Q: What about modularity?


A: Modularity is a great strategy for mitigating and managing complexity. A modular design is one where you can plug and play, and let the users plug and play simpler or more complex modules. A modular design approach gives your users that optionality, the chance to engage and customize without complexifying things for those simpler users. Modularity is a simplifier and a goodifier. It improves the quality and flexibility of your design, but makes it robustly flexible. Complexity tends to increase fragility, and modularity is a way to combat that. 


Q: What about machine learning and AI? Does it change the vector position on the goodness and complexity graph?


A: Automation and machine learning take some of the burden of processing complexity from that user, and puts it below the screen/surface.
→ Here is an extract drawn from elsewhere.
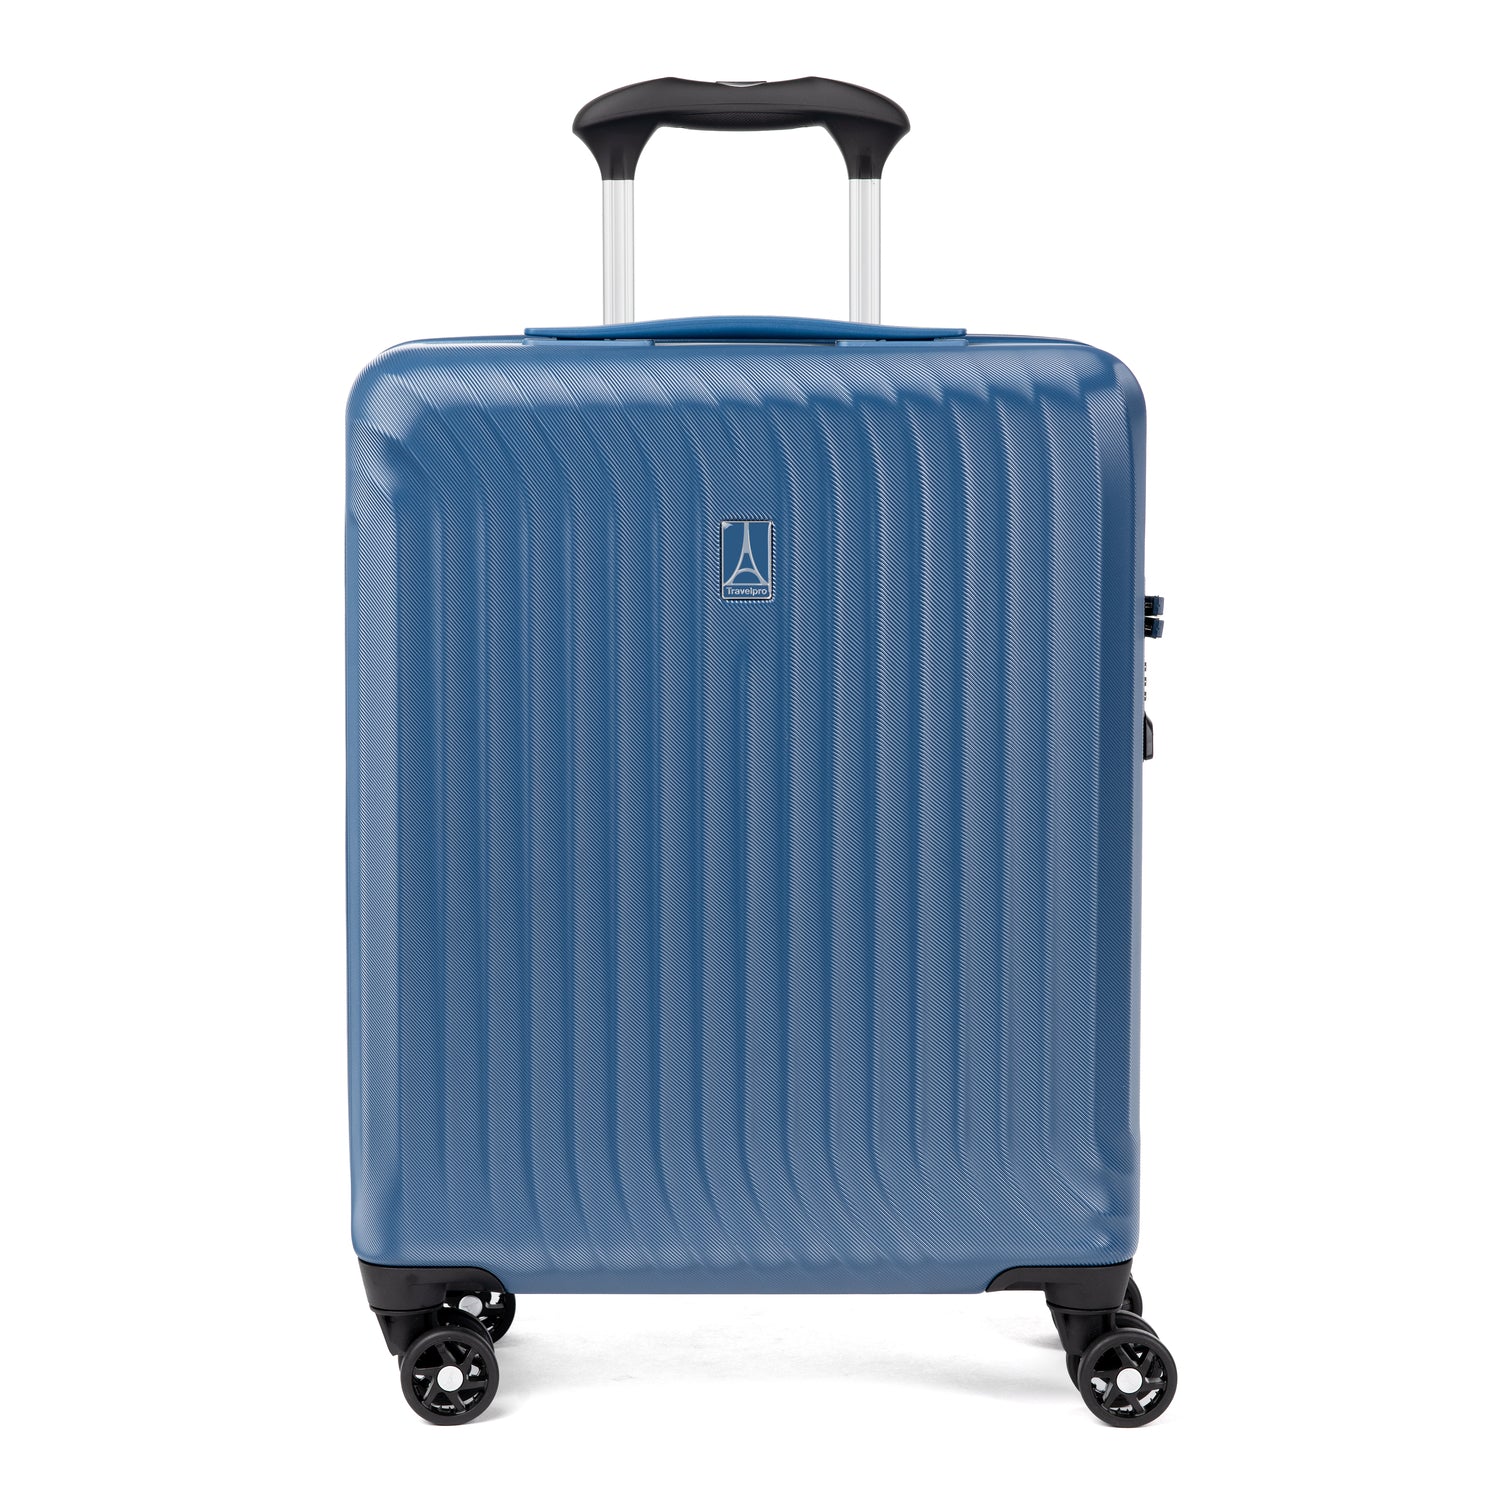 SAS Sized Cabin Luggage | Travelpro Europe – Travelpro® Europe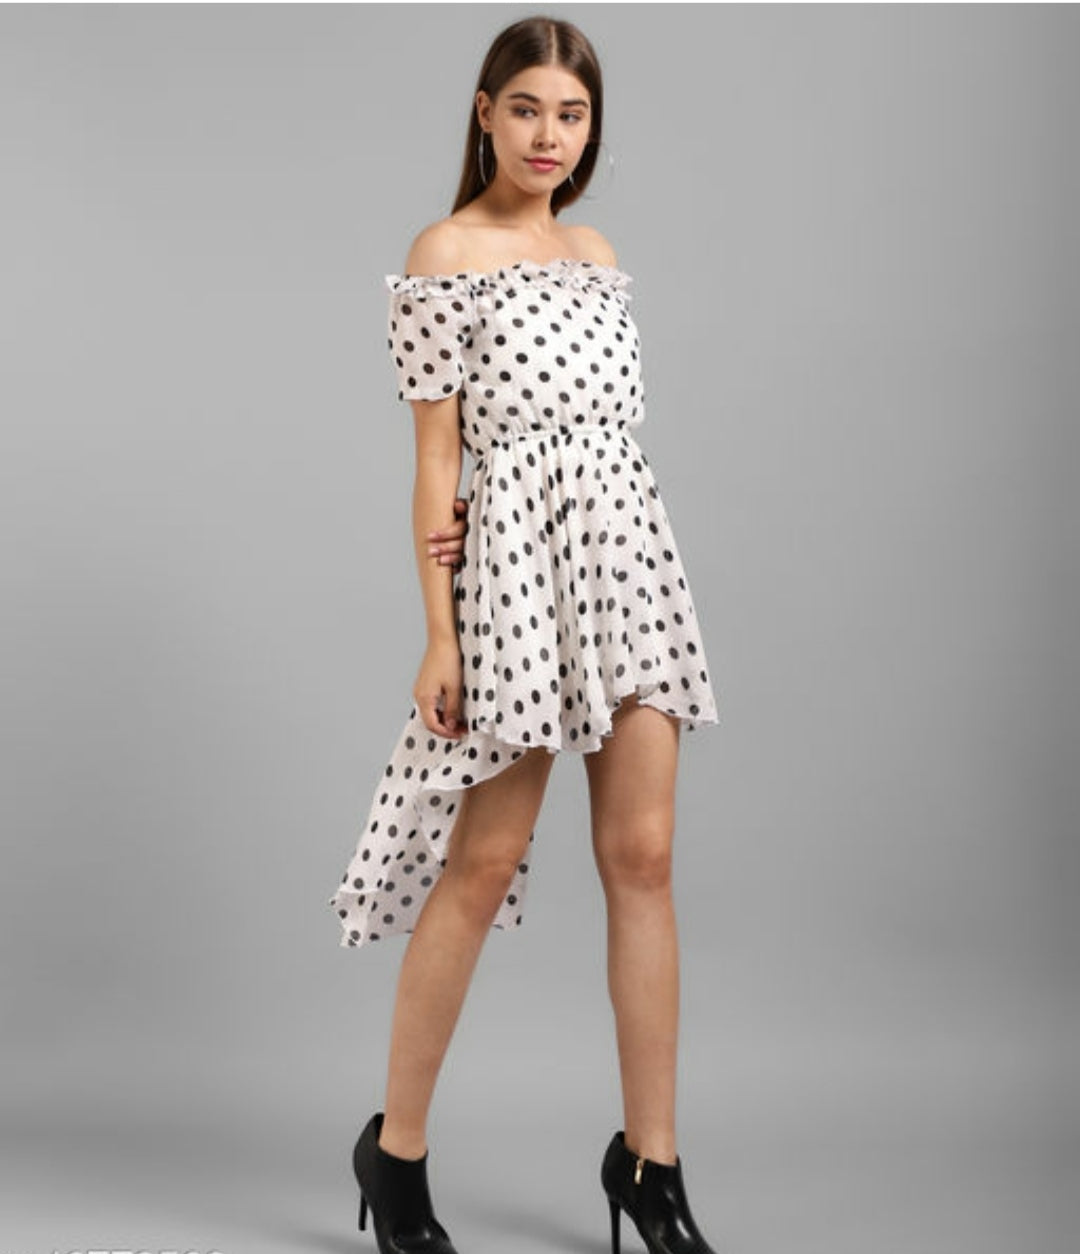 Stylish Nayara Off-shoulder Polkadot Mini Dress.

Theres a man that coined the term the law of conservation of complexity: Complexity is neither created nor destroyed, we either move it above or below the surface, we let the automation or the users take care of it. I don’t know if I agree with that, but he has a point. There are ways to hide complexity and not expose the users to it, and automation and machine learning are a great way to simplify the user’s experience while still allowing the architecture to have some level of complexity. But all that being said, we still want to look for opportunities or instances where below the skin we’ve complexified things to the point where it becomes heavy and hard to debug/maintian. The back end matters too, its not just about the UX or UI.